The causes of CHD are multifactorial, including genetic mutations, chromosomal abnormalities (e.g., Down syndrome), maternal infections, or environmental factors like exposure to certain medications or toxins during pregnancy.
Common types of CHD include atrial septal defect (ASD), ventricular septal defect (VSD), patent ductus arteriosus (PDA), tetralogy of Fallot (TOF), and transposition of the great arteries (TGA). Symptoms vary depending on severity but may include cyanosis (bluish skin), difficulty breathing, poor growth, and heart murmurs.

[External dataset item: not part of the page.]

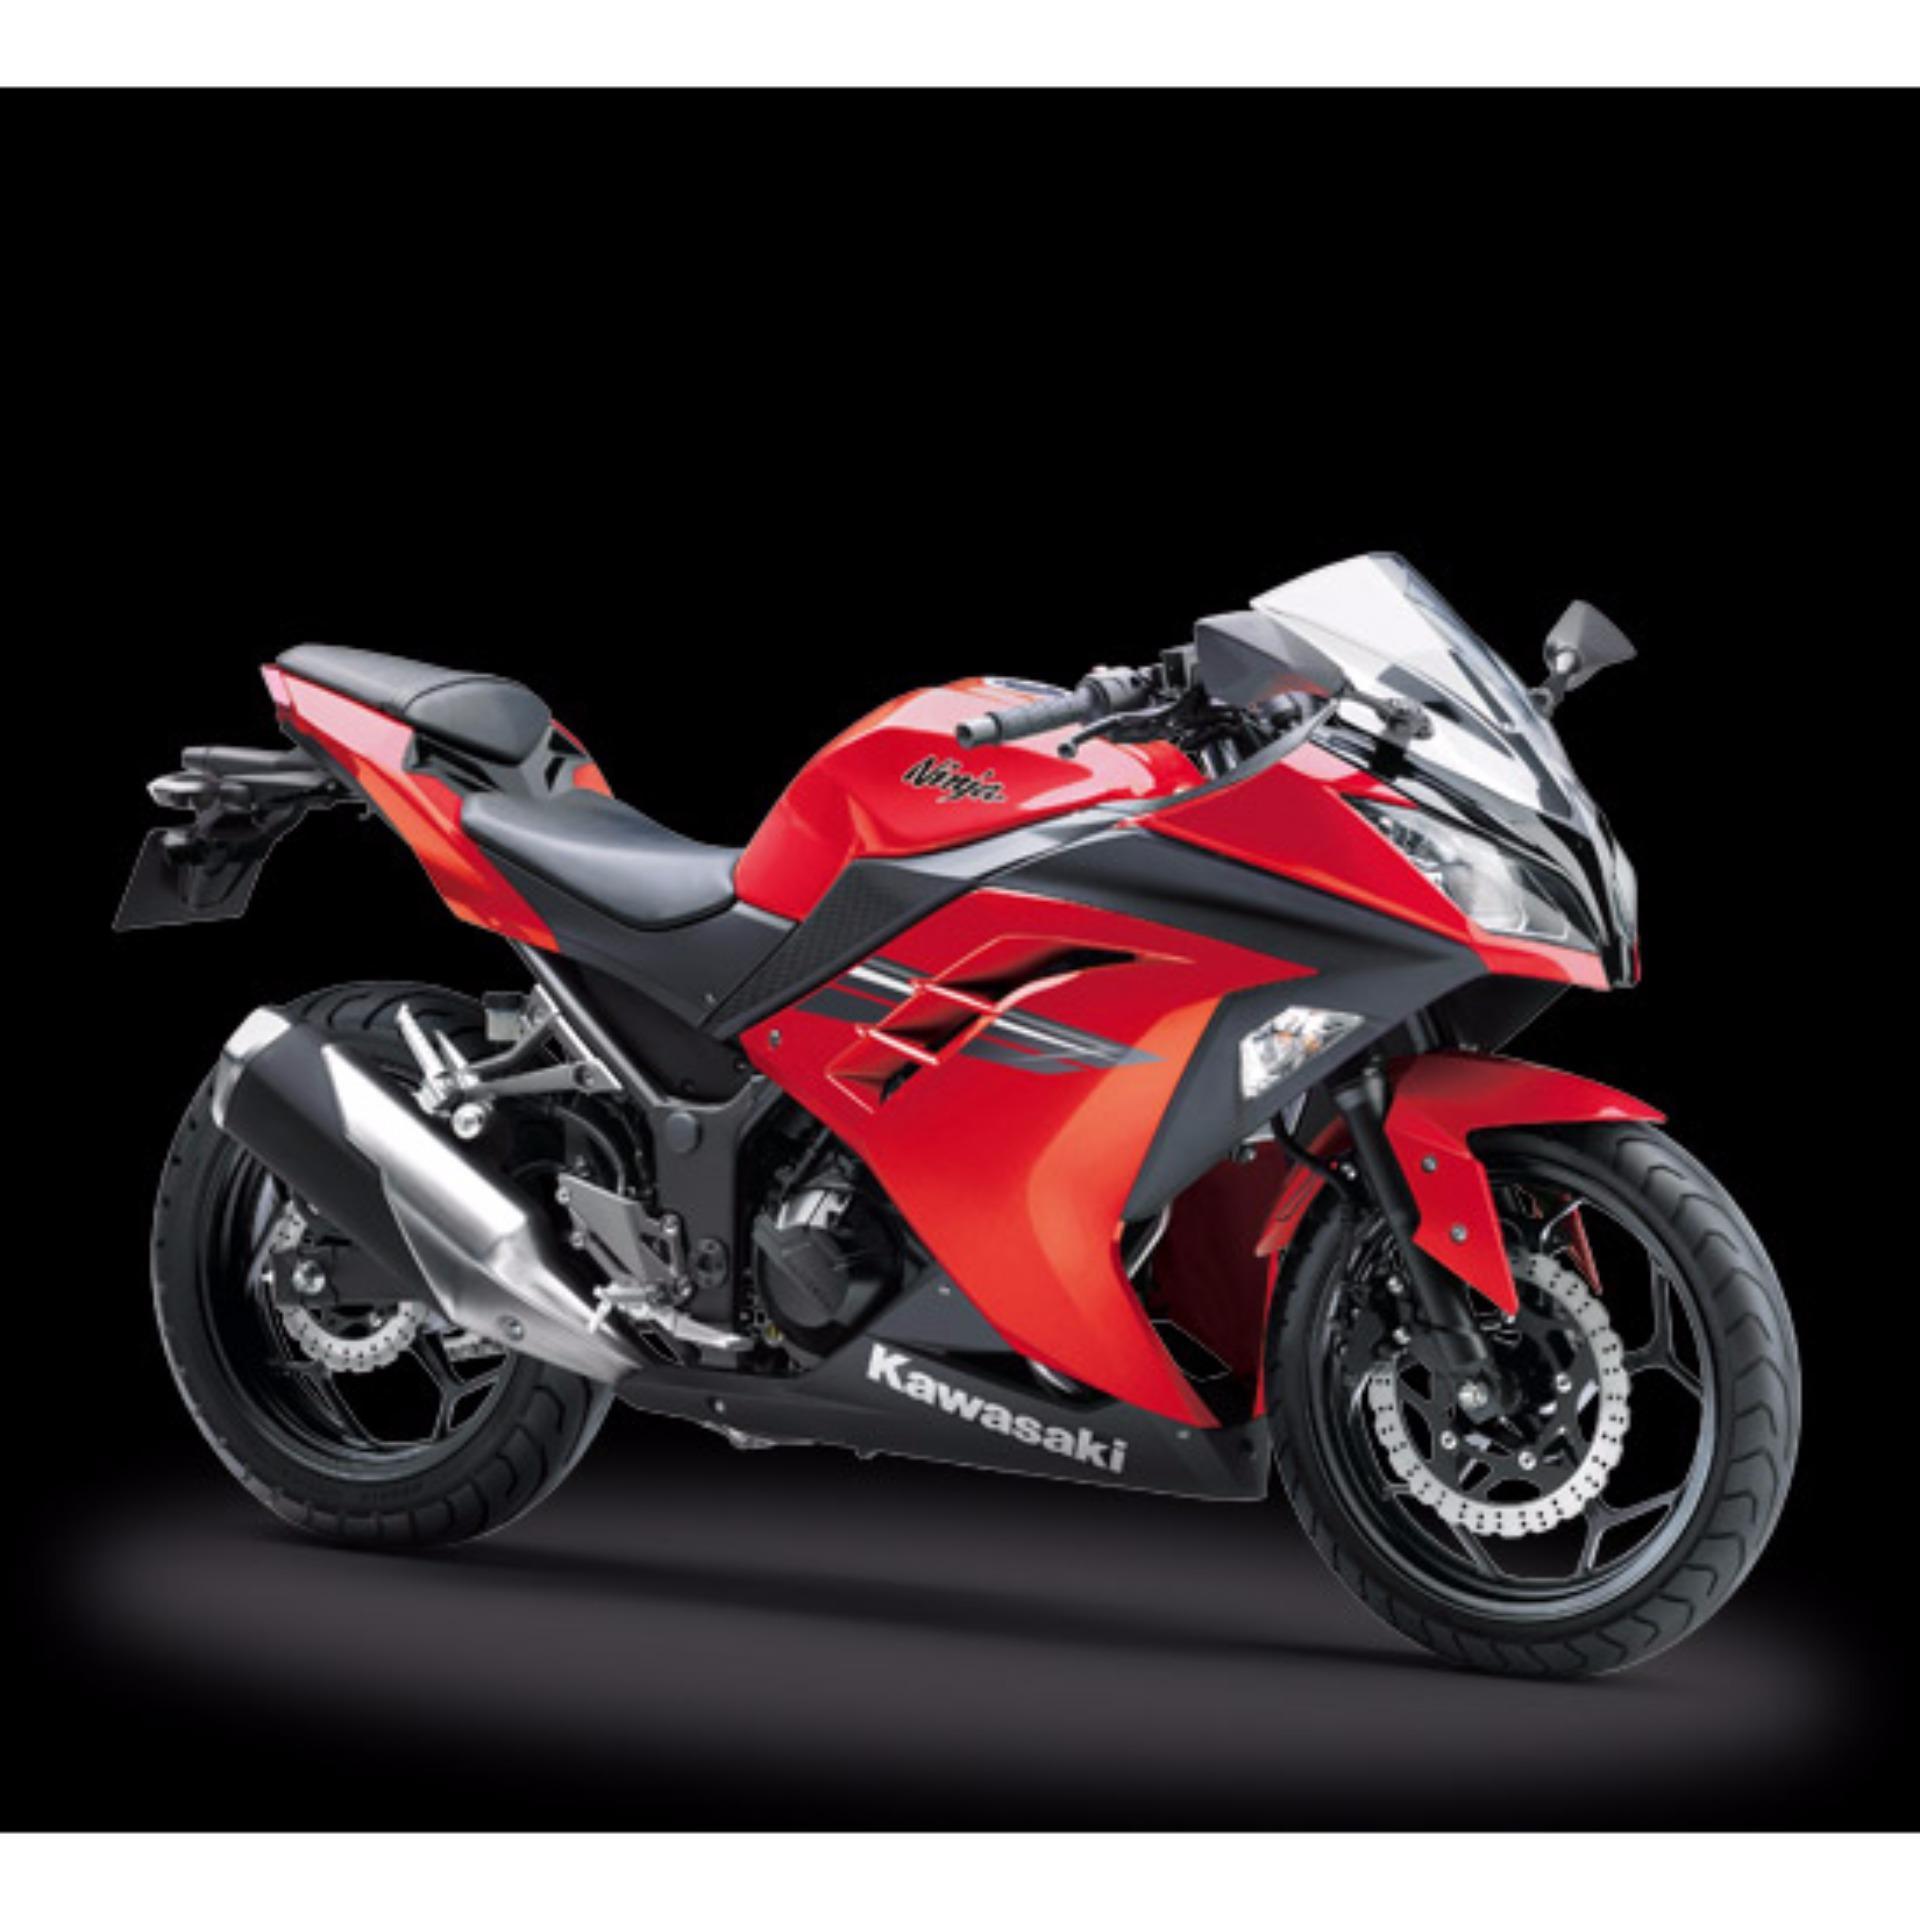 Jalu Baut Paddock Pedok Full Cnc Warna Motor Ninja 250 Karbu Fi Wilwood 1473 2 Universal Silver Kawasaki Non Abs

Diagnosis is typically made through echocardiography, electrocardiography (ECG), chest X-rays, or cardiac MRI. Treatment options depend on the defect’s nature and severity and may involve medications, catheter-based procedures, or open-heart surgery. Advances in medical care have significantly improved survival rates, allowing many individuals with CHD to live healthy lives with appropriate management. Regular follow-ups with a cardiologist are essential for long-term care.